Awesome

токама́к

Tokamak is an optimising compiler for index-style array expressions. It's main reason for existence is that I'm too lazy to write a several-hundred-line CUDA kernel for every op I need (matmul, softmax etc) – with Tokamak I can describe them in one line and compile them to fast CPU and GPU kernels. Possible future directions:

Smarter tiling and other locality optimisations
Emit BLAS-equivalent kernels without special cases
Compile larger programs (e.g. entire ML models) to GPUs
Optimise distributed cluster computation, e.g. JuliaDB

Take a couple of familiar examples:

@tk function add(A, B)
  C[i] = A[i] + B[i]
end

@tk sum(xs) = reduce(+, 0, xs)

@tk function matmul(A, B)
  C[i, j] = sum([k] -> A[i,k]*B[k,j])
end

This is extremely close to traditional mathematical notation. Under the hood, we view arrays as being functions of their indices (hence the "anonymous array" syntax [...] -> ...). If a Tokamak function returns an array, the generated code will evaluate that array at every point.

julia> cpu(add) |> prettify
function (out, goat, mink)
  for elephant = 1:size(goat, 1)
    out[elephant] = goat[elephant] + mink[elephant]
  end
  return out
end

Tokamak infers shapes from the description:

julia> infer(add)
(m) → (m) → (m)

julia> infer(matmul)
(m, n) → (n, o) → (m, o)

Functions can return scalars as well, for example (using a short form syntax):

julia> @tk diag(A)[i] = A[i,i]
julia> @tk trace(A) = sum(diag(A))
julia> infer(trace)
(m, m) → ()

julia> cpu(trace) |> prettify
function (anteater,)
  let
    sum = 0
    for gaur = 1:size(anteater, 1)
      sum += anteater[gaur, gaur]
    end
    sum
  end
end

Notice that we do not construct the diag array.
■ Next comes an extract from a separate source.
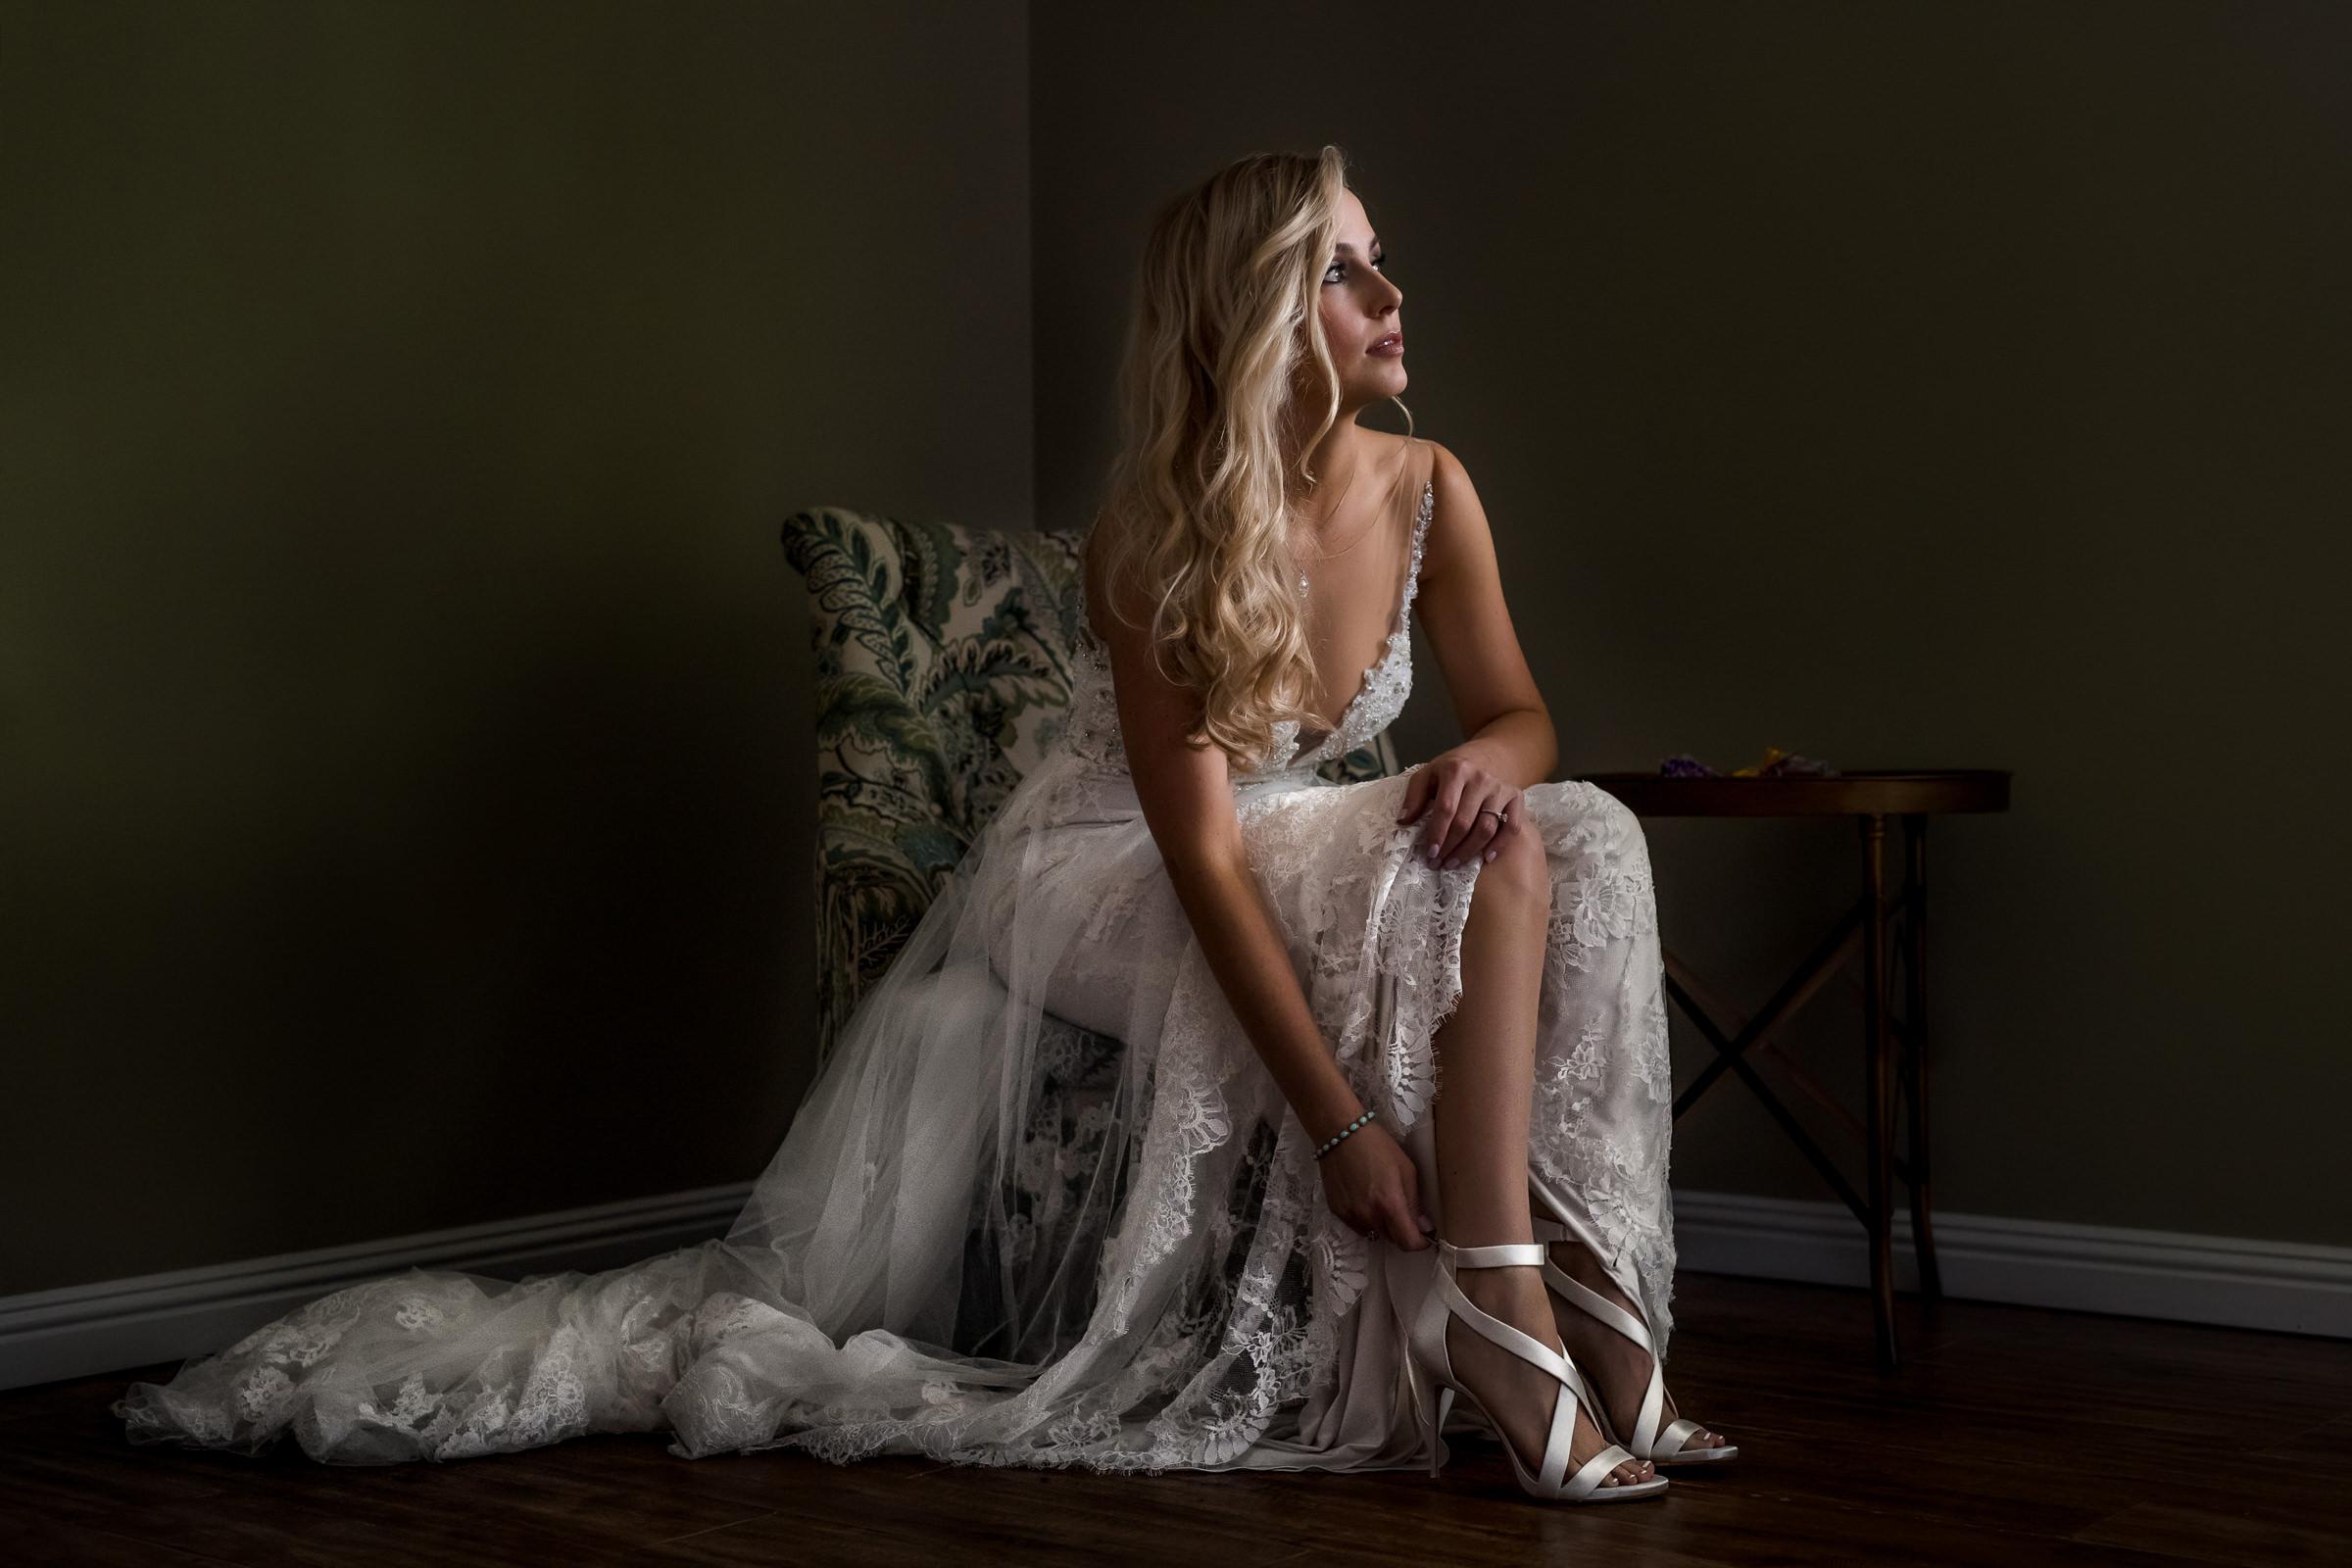 blond-bride-tying-up-her-satin-sandals-mhart-los-angeles-photographer
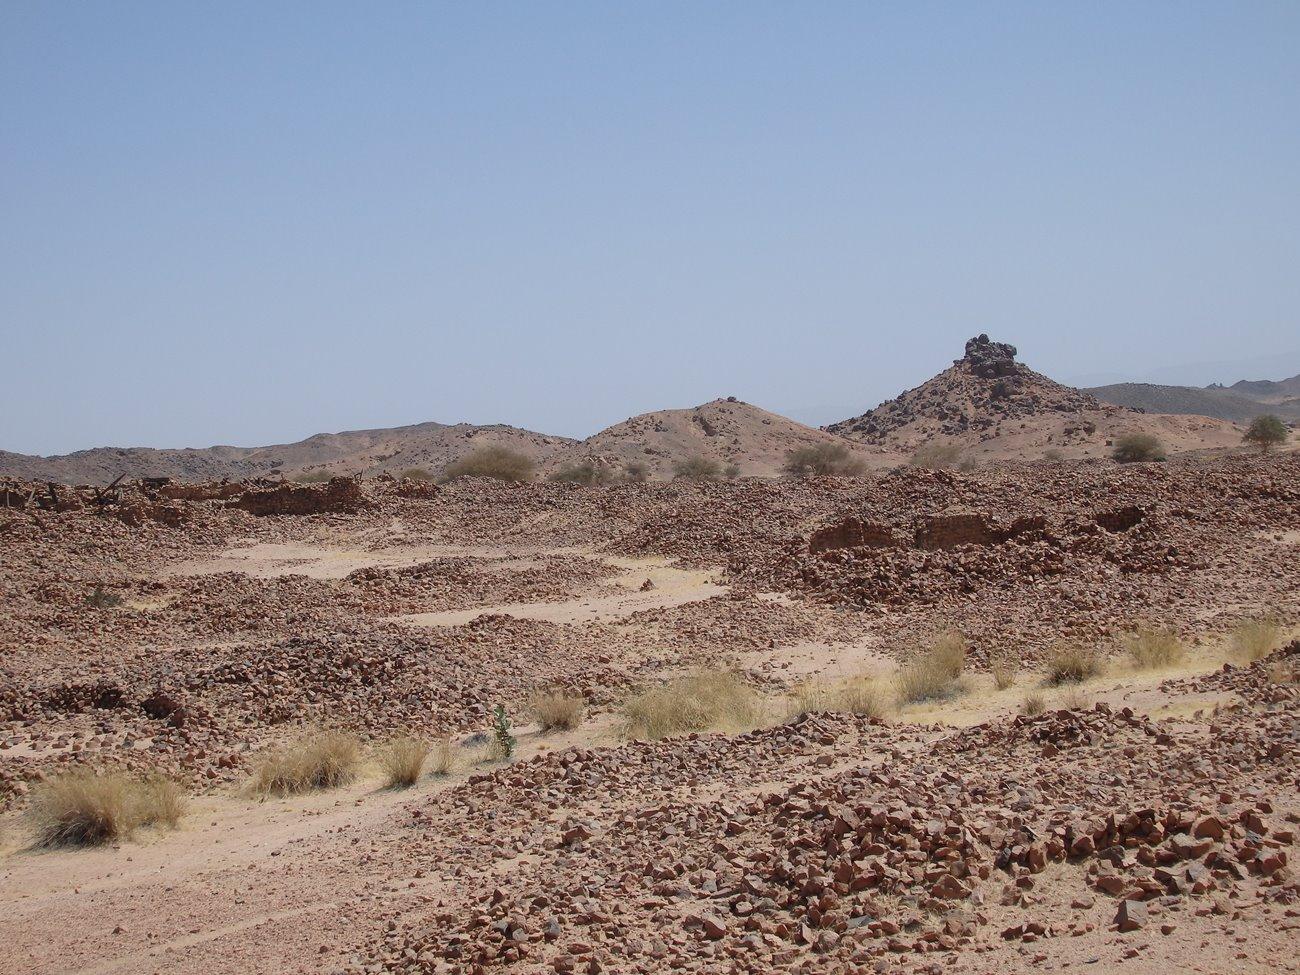 Deserto-dellAir-Niger-1

This applies equally well to more complex examples:

julia> @tk tracemul(A,B) = sum(diag(mul(A,B)))

julia> infer(tracemul)
(m, n) → (n, m) → ()

julia> cpu(tracemul) |> prettify
function (duck, leopard)
  let
    sum = 0.0
    for goosander = 1:size(duck, 1)
      sum += let
              sum = 0.0
              for horse = 1:size(duck, 2)
                  sum += duck[goosander, horse] * leopard[horse, goosander]
              end
              sum
          end
    end
    sum
  end
end

Crucially, we only calculate the elements of the matrix multiply that we actually need. Despite the relative naivety of the generated code, this is enough to get a solid 10x speedup over the equivalent BLAS.

GPU Example

Tokamak supports (extremely early stage, totally untested) GPU compilation. Consider defining enough to do a single layer of an mlp: tanh(x*W + b).

@tk add(a, b)[i, j] = a[i, j] + b[i, j]
@tk mul(A,B)[i,j] = sum([k] -> A[i,k]*B[k,j])
@tk act(a)[i, j] = tanh(a[i, j])

@tk net(W, b, x) = act(add(mul(x, W), b))

infer(net) # (m, n) → (o, n) → (o, m) → (o, n)

gpu(net) |> prettify
function (out, waterbuffalo, sealion, otter)
  (gnat, oyster) = ((blockIdx().x - 1) * blockDim().x + threadIdx().x,
                    (blockIdx().y - 1) * blockDim().y + threadIdx().y)
  out[gnat, oyster] = tanh(begin
    snail = 0
    for pig = 1:size(otter, 2)
      snail = snail + otter[gnat, pig] * waterbuffalo[pig, oyster]
    end
    snail
  end + sealion[gnat, oyster])
  return out
end

So here we have a fused kernel which does the entire operation in one pass.

See the tests for more detailed examples.